Streitbar sind sie doch alle. Sie beherrschen aber weder die Fähigkeit gemeinsam zu streiten und so ihre Kräfte zu bündeln, noch haben sie immer die eigentliche Sache im Blick, für die sie eigentlich streiten sollten (nämlich die Anliegen und Interessen von uns allen!) - noch wissen sie, wann der optimale Zeitpunkt zum Streit oder eher für verhandelnde Diplomatie ist.

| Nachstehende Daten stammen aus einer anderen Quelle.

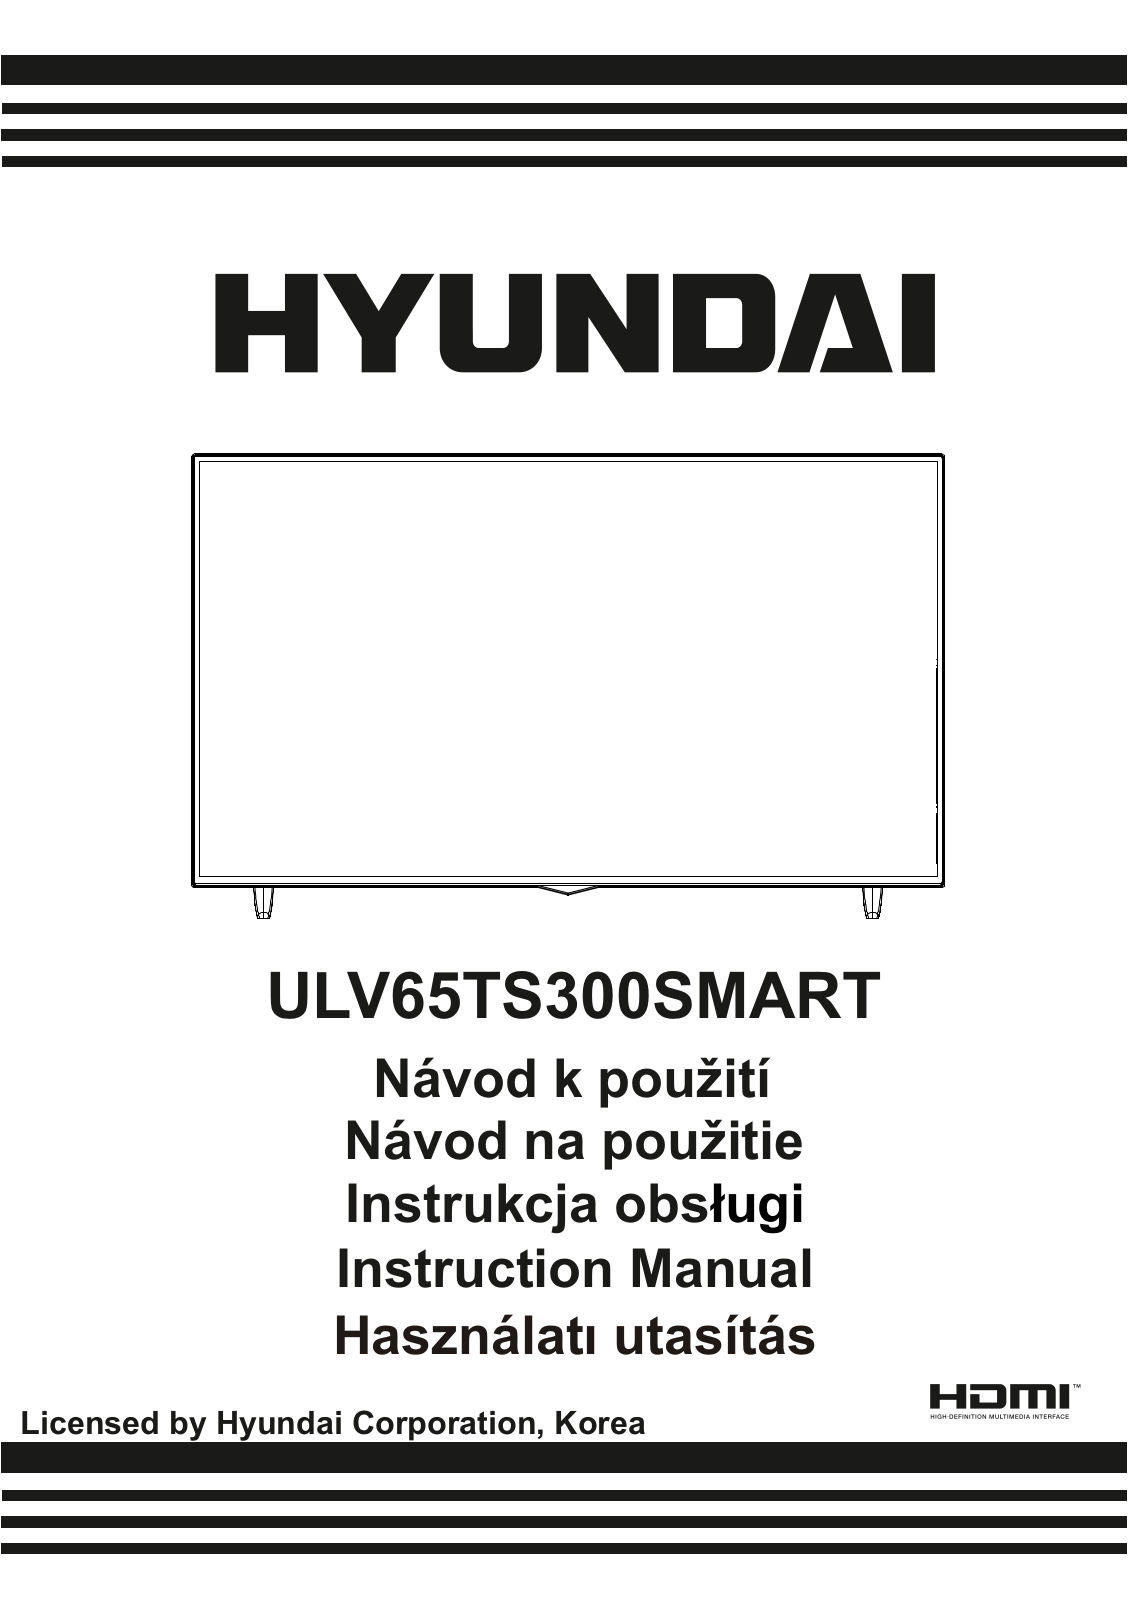 Hyundai ULV 65TS300 SMART User Manual

Und dieses Verhalten ist typisch für alle unsere Betroffenenvertreter (zumindest die männlichen). Sie streiten und widersprechen und protestieren also sehr wohl, oft bis an die Grenze des Zumutbaren, aber leider ohne Erfolg. Und das machen sie weder aus persönlichen Abhängigkeiten sondern eher aus Eitelkeit, Egozentrik oder mangelndem Sinn für das angemessene, höfliche aber zielgerichtete Verhalten und kluge Vorgehen.
Stimmt, man kann die vier nicht pauschal beurteilen, dazu sind sie viel zu unterschiedlich. Zwei kommen mir eher harmoniebedürftig vor, die beiden anderen sind sehr streitlustig, weil sie sehr egozentrisch sind und sich wichtig fühlen wollen.Deshalb ziehen sie auch nicht an einem Strang.